Removing Duplicates in SQL

Removing Duplicates in SQL

Removing Duplicates from a Text File in SQL

In this blog, we explain how to Remove Duplicates and block comments in SQL. And then explore various options to Remove Optional Keywords in the SQL database.

 

You have a new project. It deals with a lot of old SQL codes that do not have proper documentation. When you check the database, you see a lot of tables—some with names like inventory_bak or orders_1.

 

You are pretty sure that a lot of these tables are not in use. You cannot find any ERD or a master table script.

 

One thing you know for sure is that you have a set of scripts (PL/SQL functions and procedures) that are in active use and that there is an exhaustive list of SQL codes (other than a table or index creation, etc.).

 

If only you could find out from these scripts which of the tables (a list of distinct table names) are actively in use. You feel that there are not too many. You could look at these tables to make a reasonably good ERD yourself (or possibly use a reverse-engineering tool).

 

For the sake of ease, you can easily concatenate all of the .sql files into one. You can work on a copy of this combined file. The main goal is to extract the (distinct) table list.

 

Solution

In this language, the line comments start with two consecutive dashes (they need not be at the beginning of the line) and the block comments are enclosed within /* and */ (delimiters included). Keywords are not case sensitive, but table names are not. Also, any table names that occur within comments are not of interest.

 

The search should focus on other points with respect to the language syntax. A query is usually of the following form.


select <column list>

from tbl_a, tbl_b,

tbl c;

or

select <column list>

from tbl_a, tbl_b,

tbl c

where some conditions;

For select statements, table names should be between the from keyword and either a semicolon (';') or the where keyword, separated by commas (when more than one), but not necessarily occurring on the same line.

 

However, the name of a single table does not span multiple lines and only has letters (in either case) and an underscore.

 

The following is one form of an update statement.


update tbl_a set

<column value assignments>

from tbl_a, tbl_b

where some conditions;

The from part is optional, but if it exists, it is similar to that of the select statement.

For insert statements, the forms are as follows.

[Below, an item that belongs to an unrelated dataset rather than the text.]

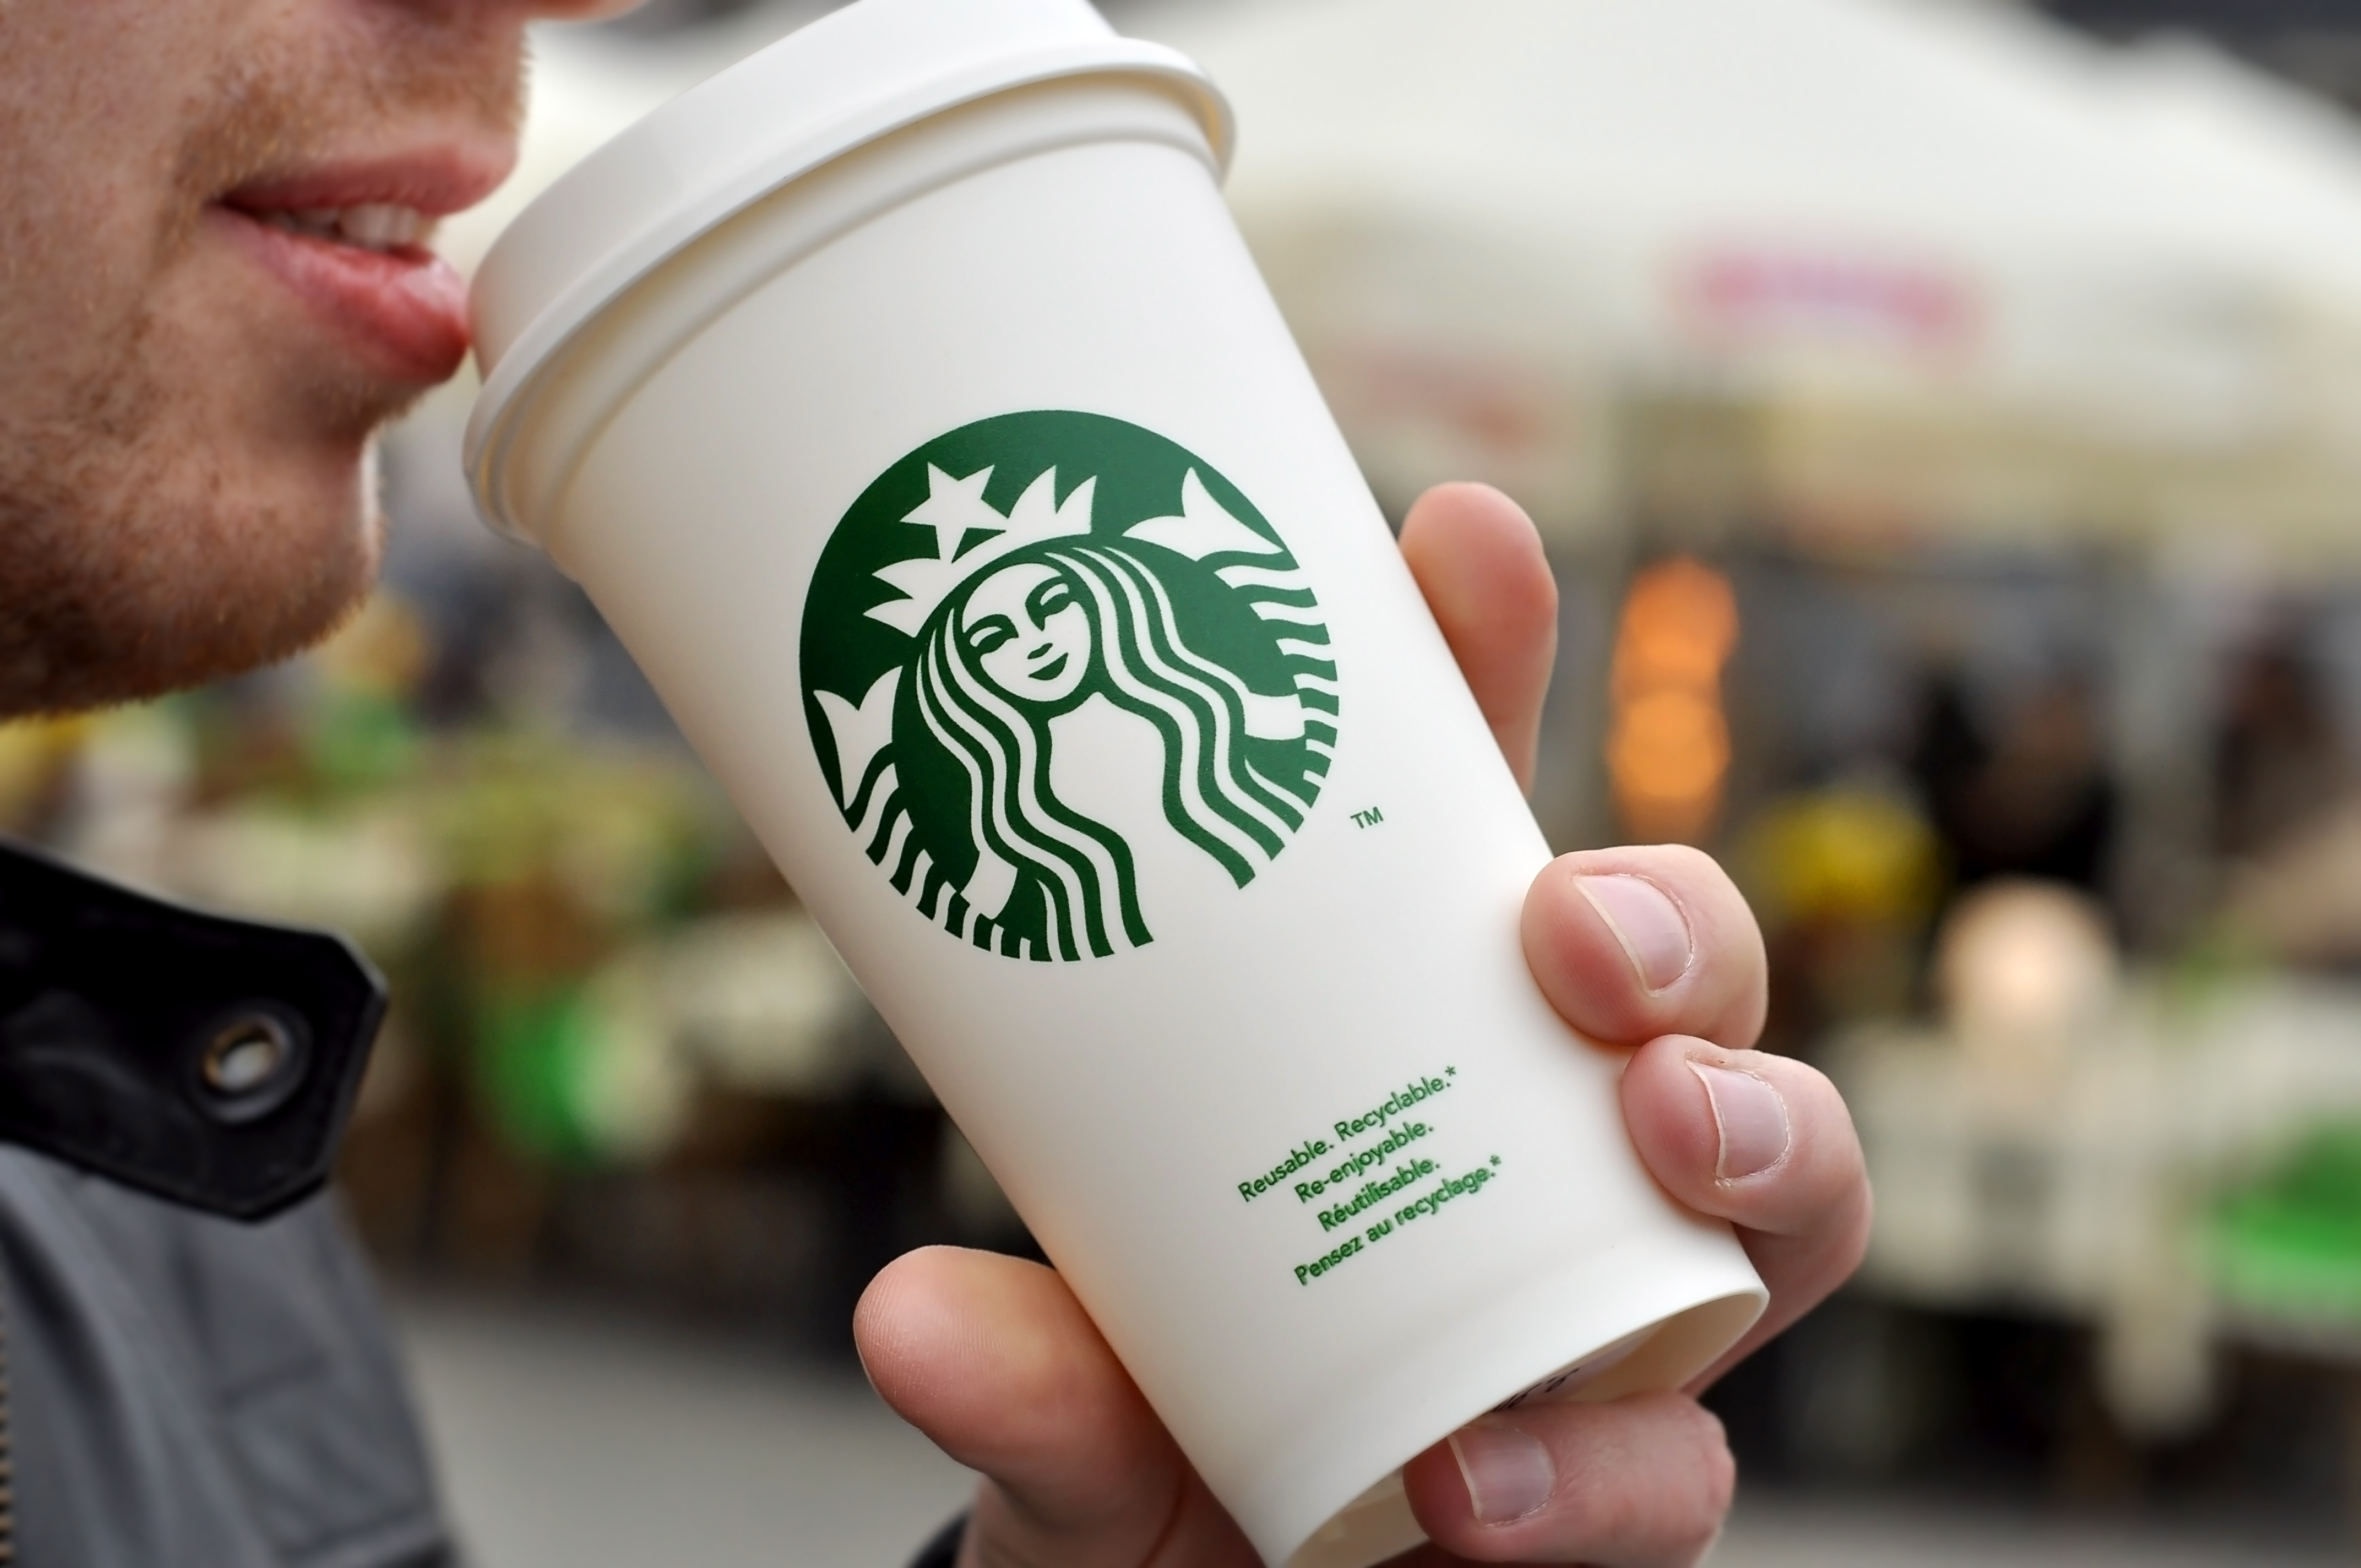 Смогут ли спасти природу новые стаканчики от Starbucks за $10 млн?

insert into tbl_a (column list) values (value list);

or

insert into tbl_a values (value list);

The keyword into is optional.

For delete statements, the forms are as follows.

delete from tbl_a;

or

delete from tbl_a

where some conditions;

In either case, the keyword is optional.

For update and delete, the first table mentioned is a single one. insert always works on a single table. There may be subqueries within the where clause, but that too has a form part.

 

You never look at the where part for table names (but you do look at the form part, as well as insert, update, and delete statements, in the first table). However, the form part of subqueries is considered (in this case, the delimiter is either where or closing parenthesis).

 

For simplification, consider that this language has no table alias concept. Also consider that in the active code (any portion that is not commented), the use of the word from only happens in a from clause. 

 

Words may appear with one or more whitespace in between. A comma (',') in the scope may have zero or more whitespaces on either side. Whitespace includes newlines, but you may treat them separately.

 

For the sake of simplification, consider that a comma appears in the same line after a table name (it may have one or more spaces or tabs, or both).

 

And a semicolon and a closing parenthesis also appear similarly in the same line with the immediately preceding token or keyword. Also, two select, insert, delete, or update statements (or two of any combination of these keywords) do not occur on the same line in the uncommented code.

 

The Technical Problem Specification

We need to look for tokens (table names) and make a distinct list/set of them (and print that to a file). The tokens are themselves case sensitive but other keywords are not.

 

Keeping in mind the possible whitespace separation part as applicable, they have to be searched within.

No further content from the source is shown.